▶ Task directions
Omit every picture. Return all other data as it stands.

▶ Data
= Beginning of Section =

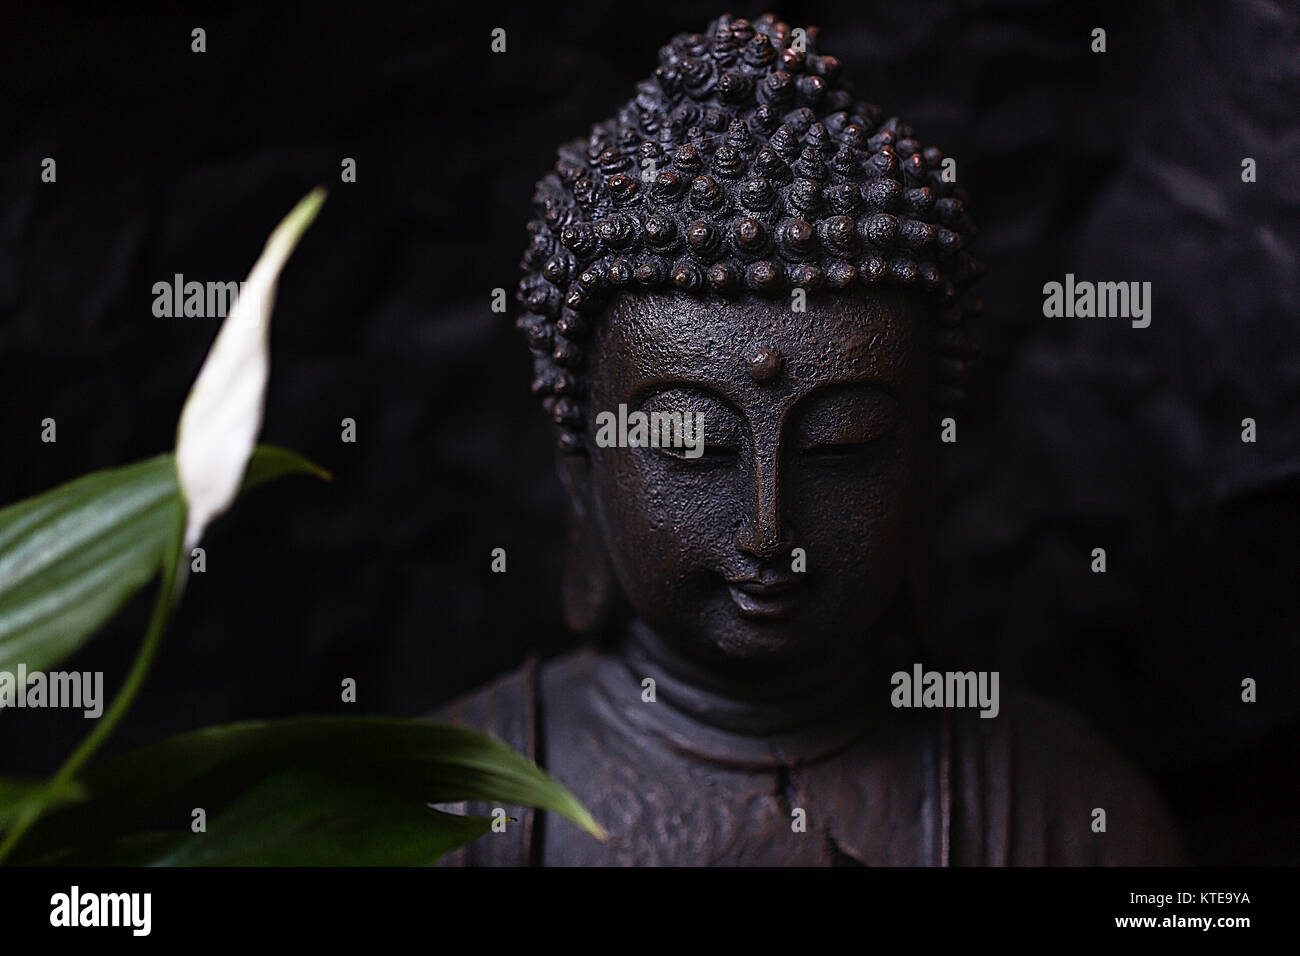 Black and White Photo of a Buddha Statue · Free Stock Photo
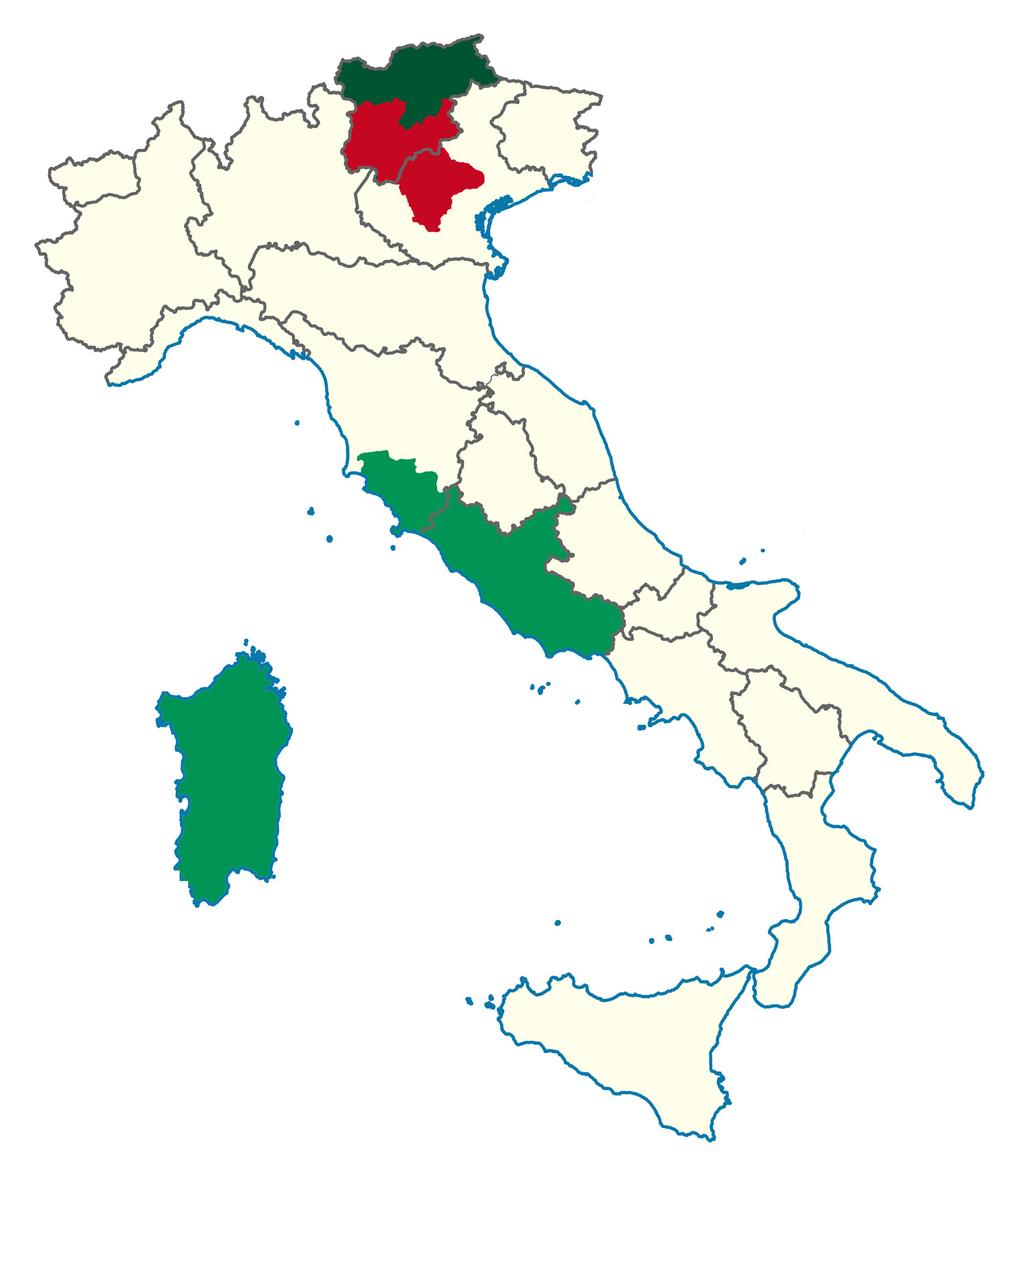 SPECK ALTO ADIGE PGI Made exclusively in the Alto Adige / South Tyrol (Südtirol in German), where Alpine and Mediterranean
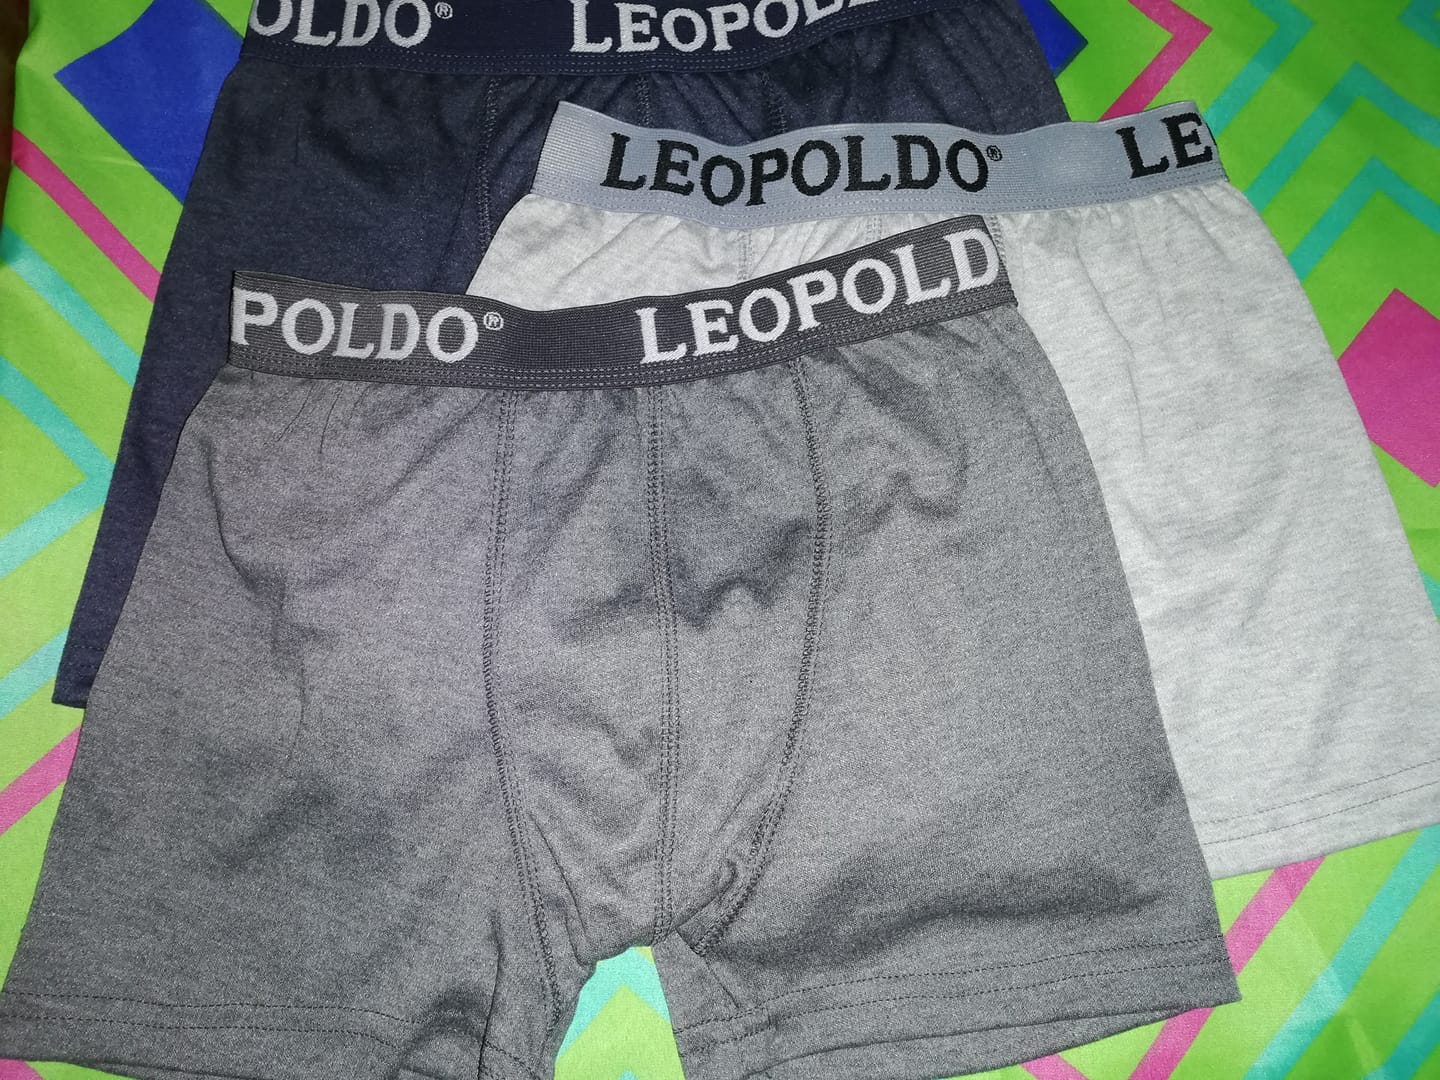 Leo Poldo Boxer Shorts Where To Buy In Store

= End of Section =

▶ Your solution
 Black and White Photo of a Buddha Statue · Free Stock Photo
 SPECK ALTO ADIGE PGI Made exclusively in the Alto Adige / South Tyrol (Südtirol in German), where Alpine and Mediterranean
 Leo Poldo Boxer Shorts Where To Buy In Store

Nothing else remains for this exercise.